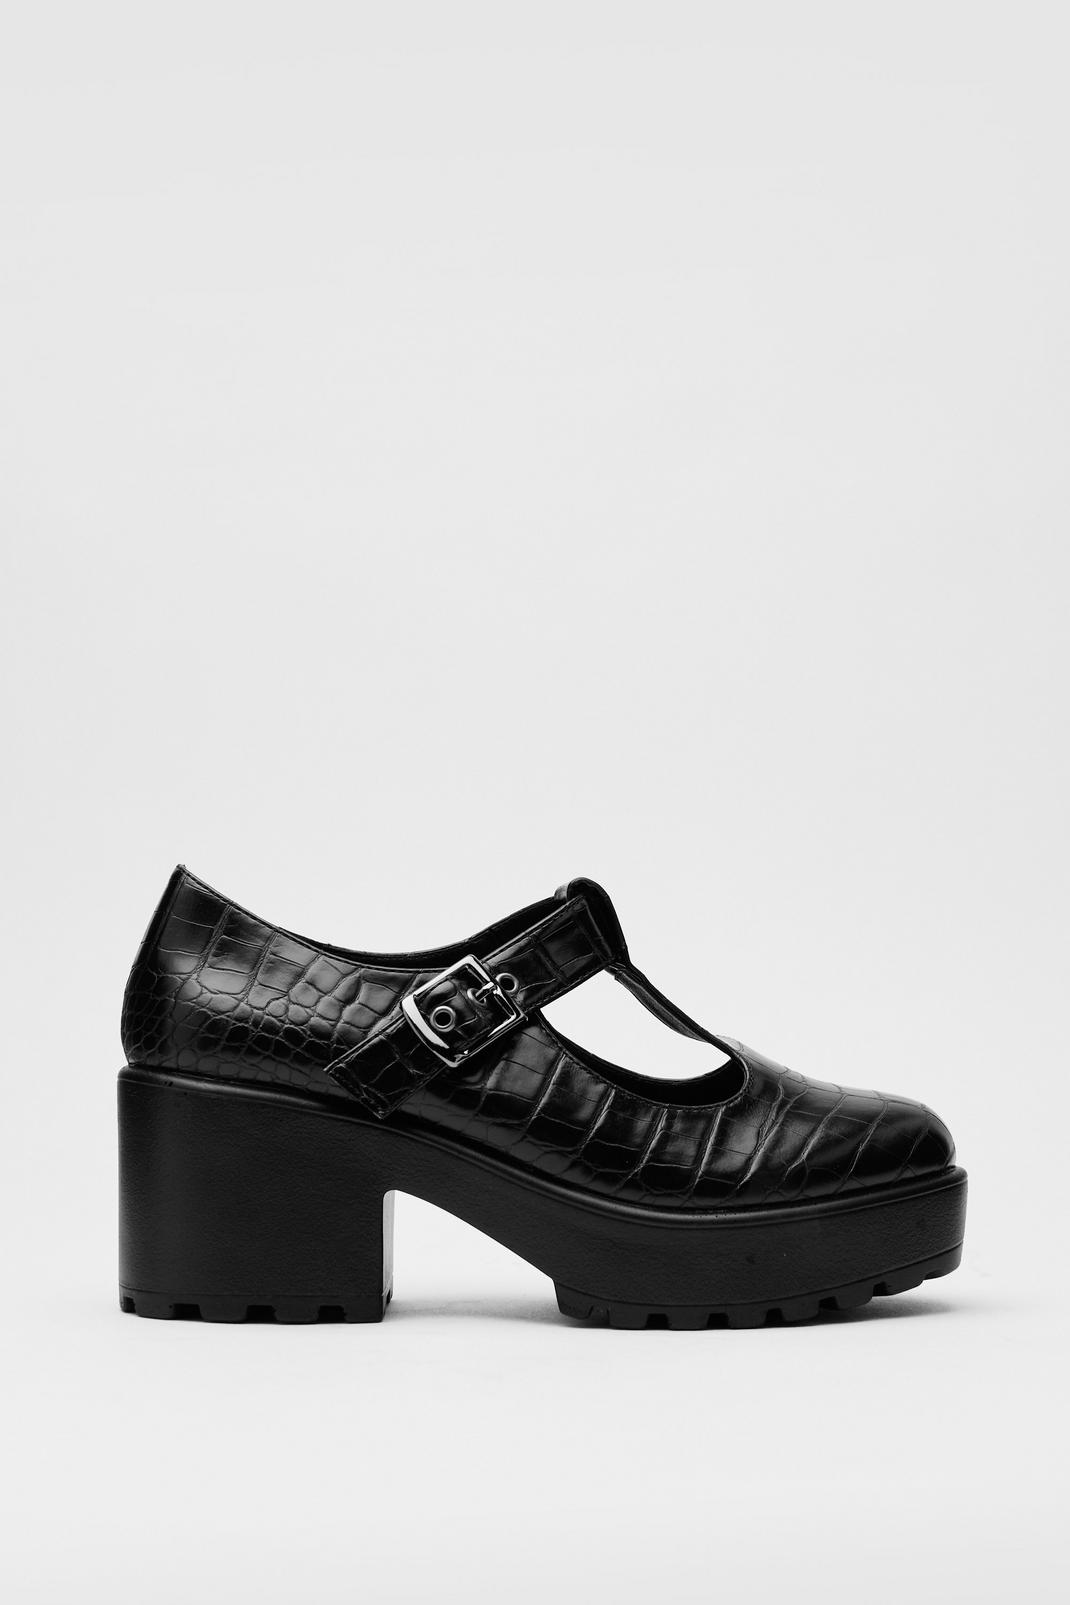 Black Patent Leather Chunky Croc Mary Jane Shoes image number 1
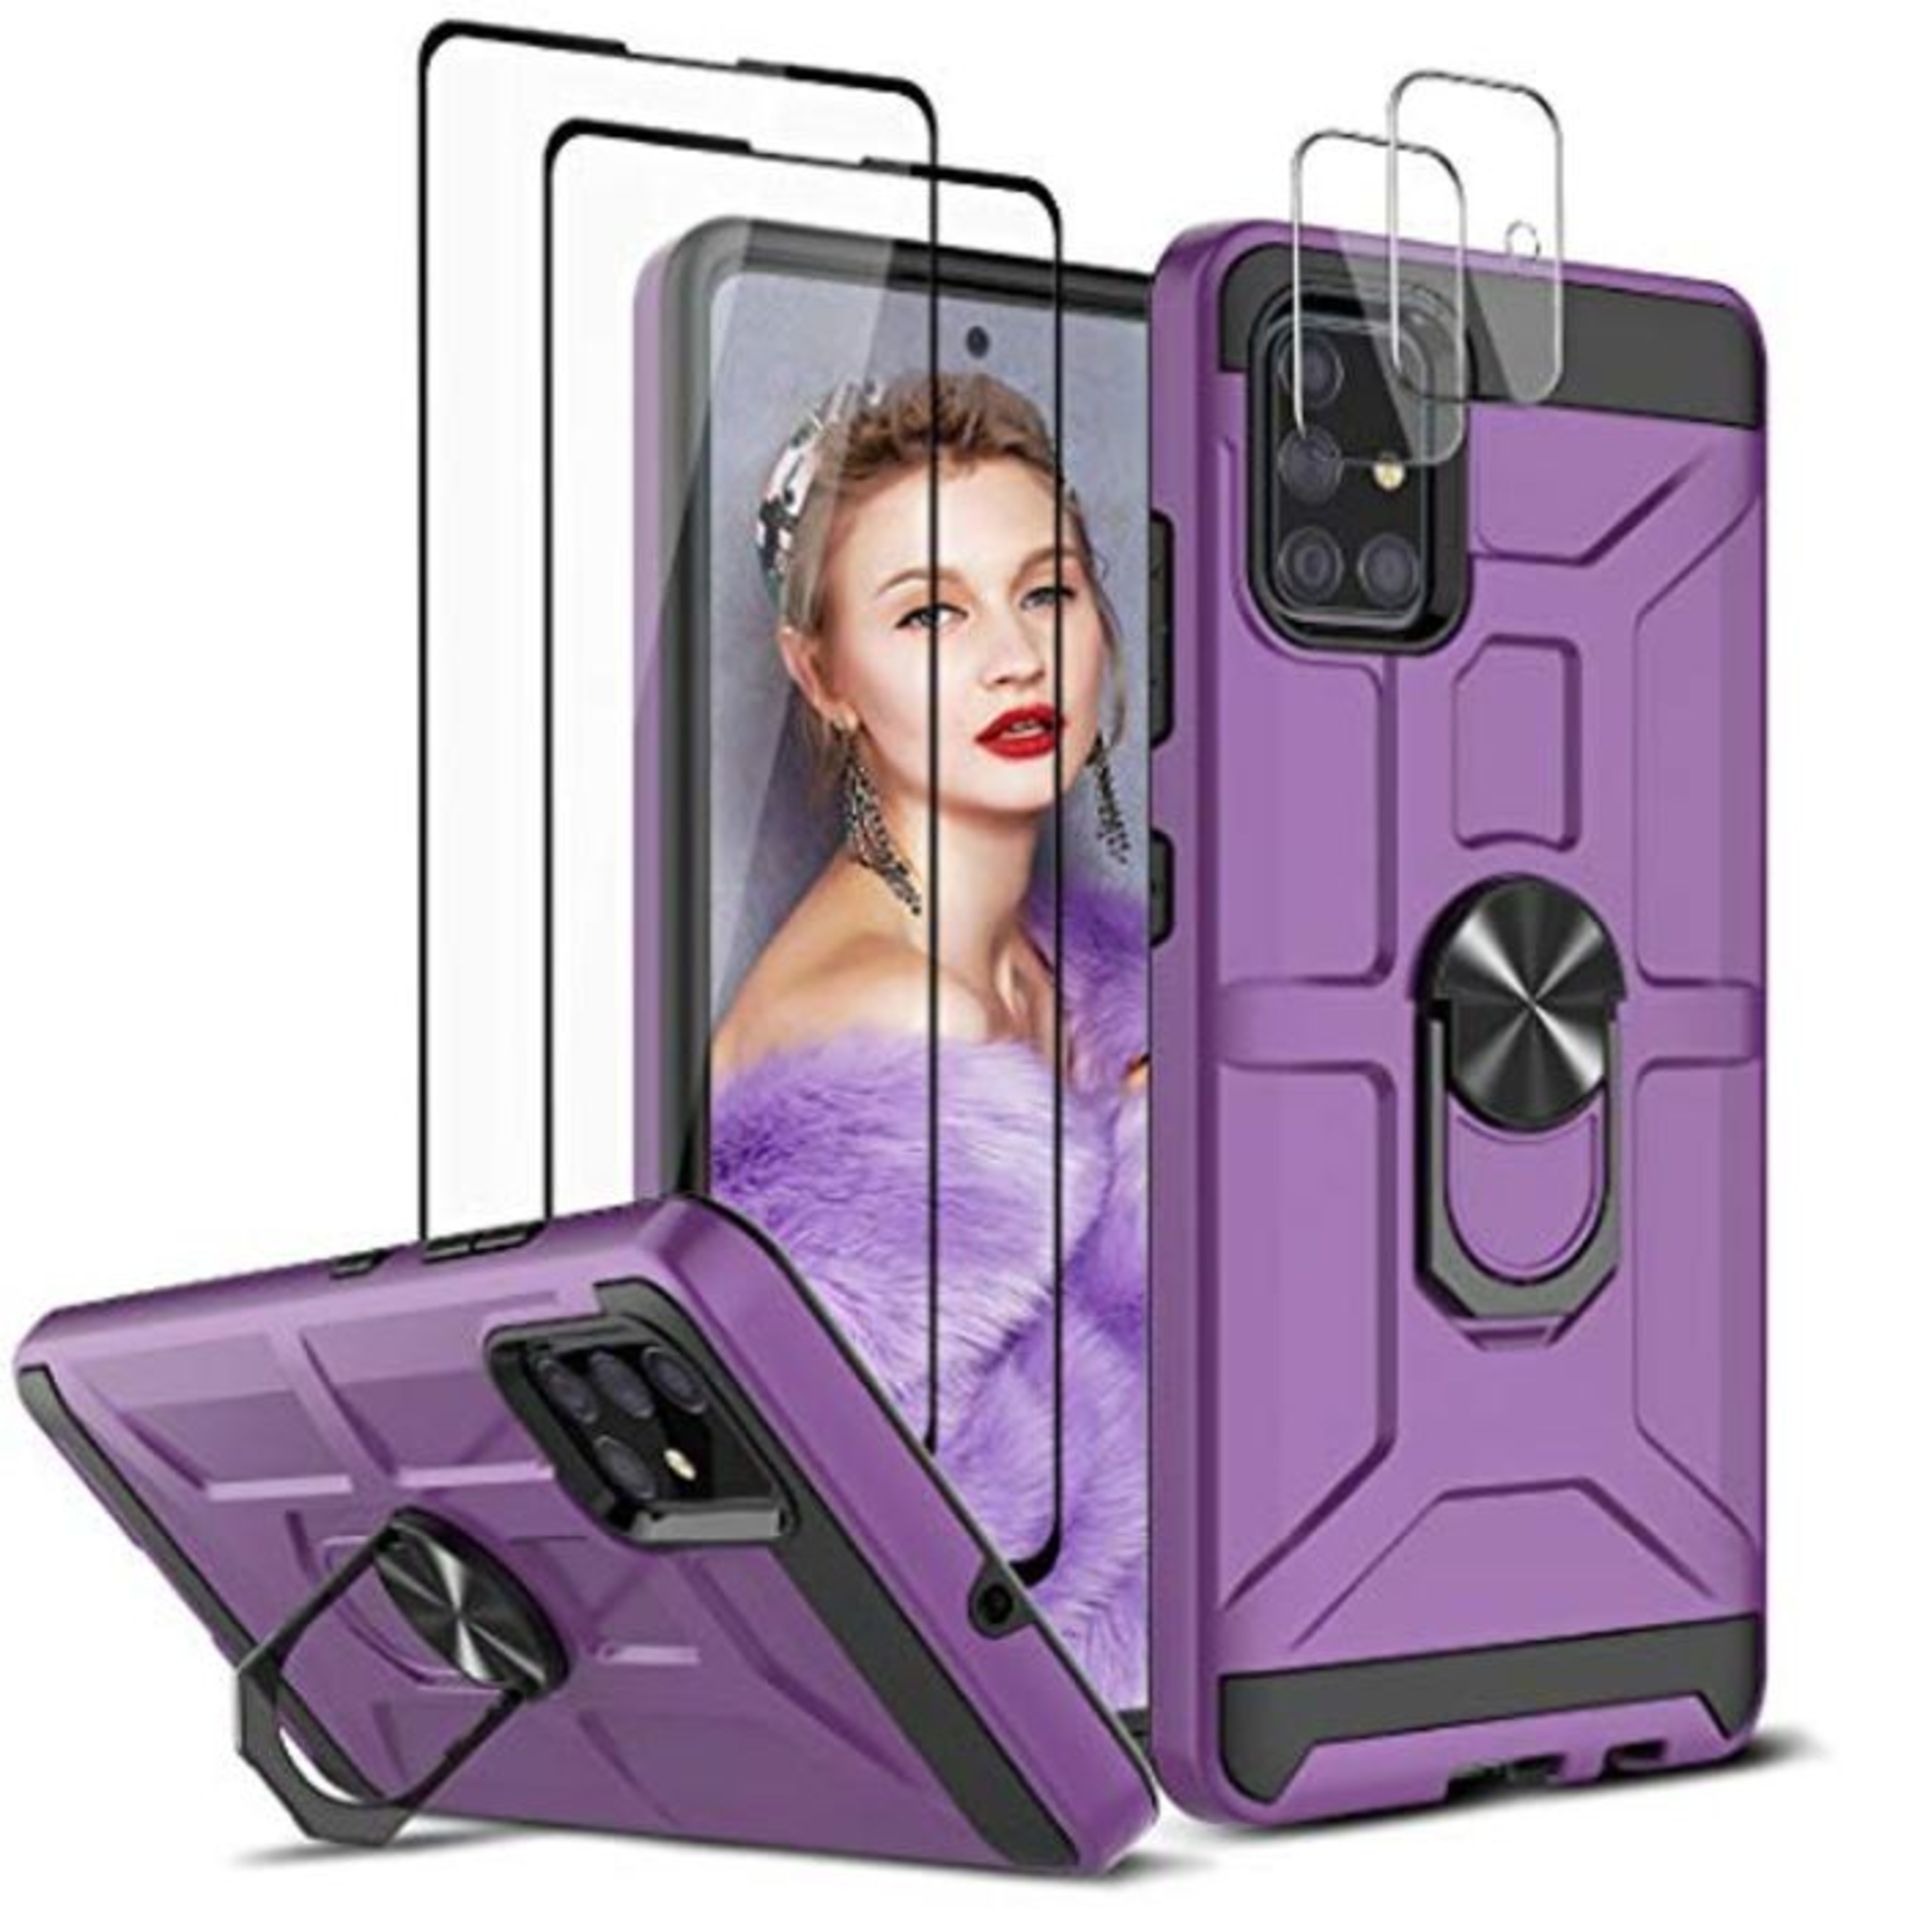 COMBINED RRP £1642.00 LOT TO CONTAIN 174 ASSORTED Tech Products: Amazon, OtterBox, Tec-Digi, Sc - Image 12 of 46
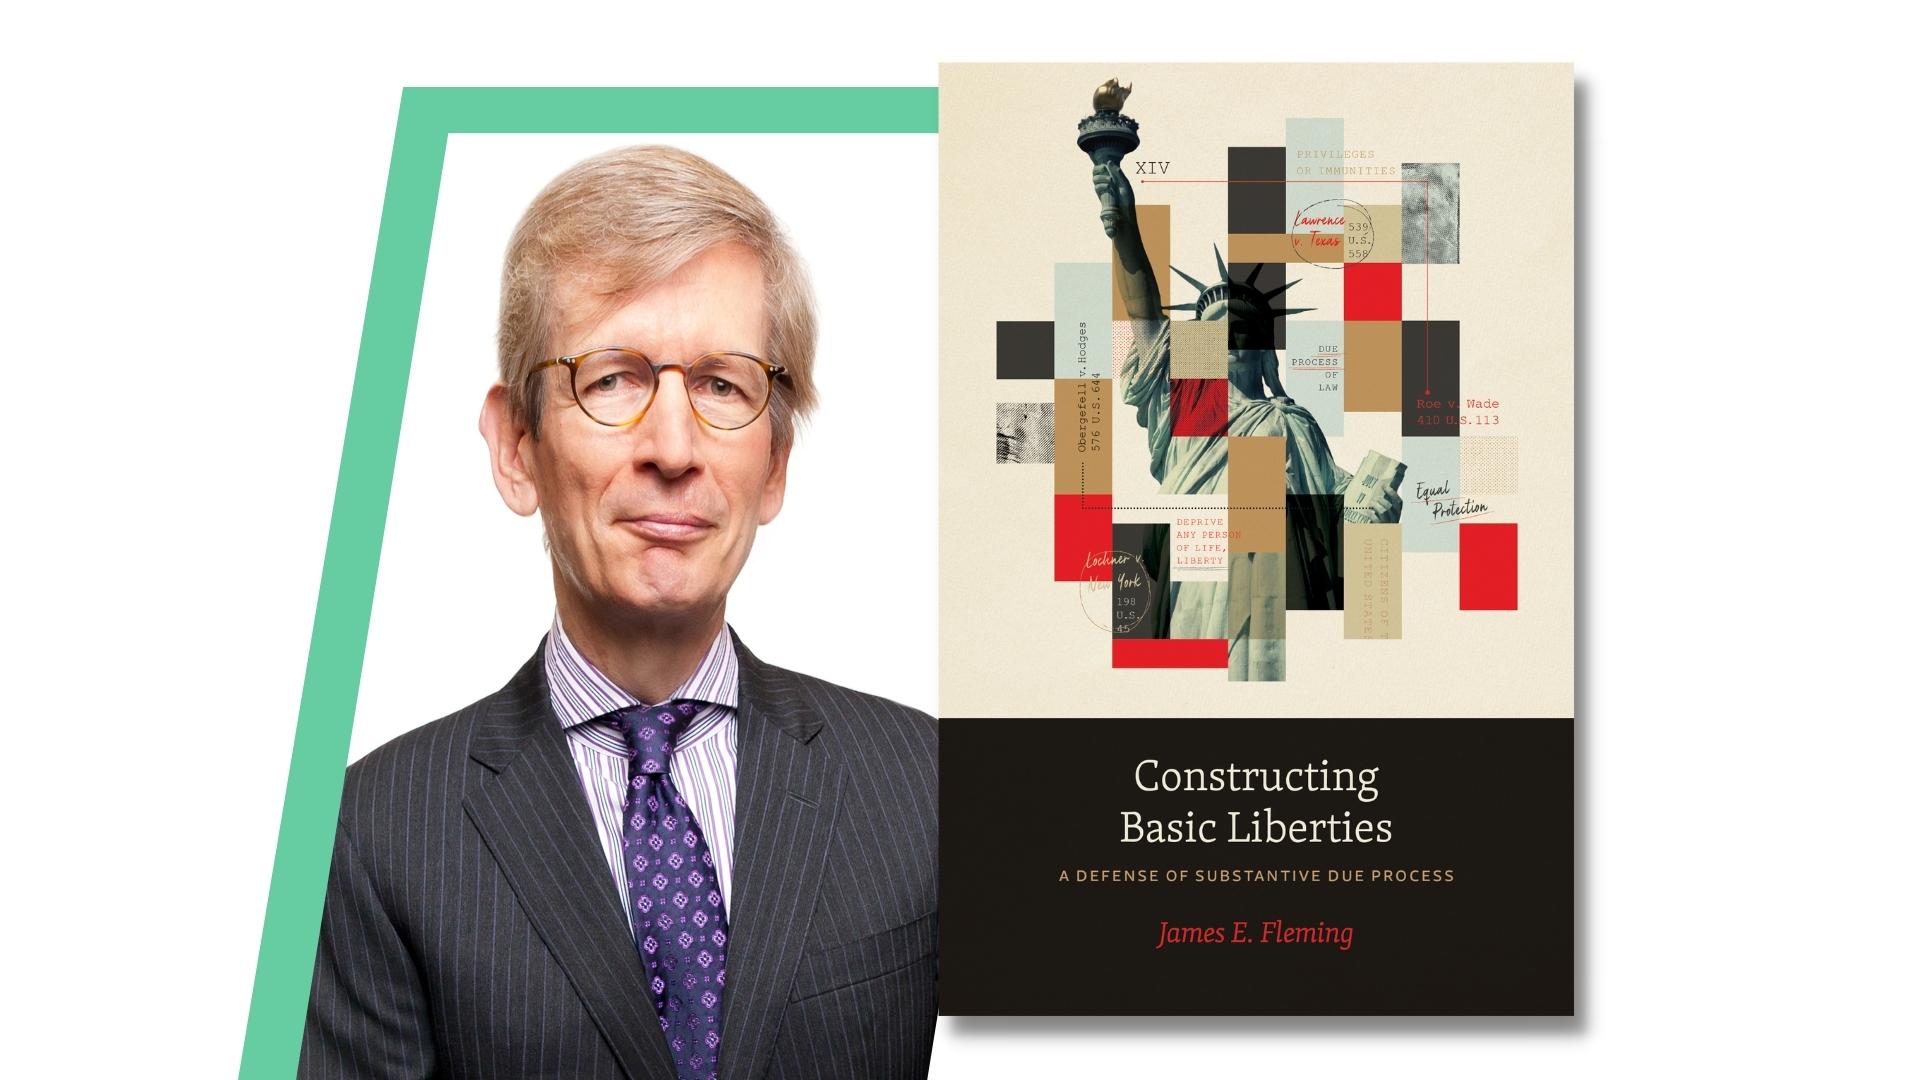 Professor James Fleming and the cover of his book, "Constructing Basic LIberties"

■ ■ ■

> [THE PROBLEM]: From the first line to the last, write out the data above exactly. Omit the pictures.

> [SOLUTION TO THIS TASK]:
 Black Patent Leather Chunky Croc Mary Jane Shoes image number 1
 COMBINED RRP £1642.00 LOT TO CONTAIN 174 ASSORTED Tech Products: Amazon, OtterBox, Tec-Digi, Sc - Image 12 of 46
 Professor James Fleming and the cover of his book, "Constructing Basic LIberties"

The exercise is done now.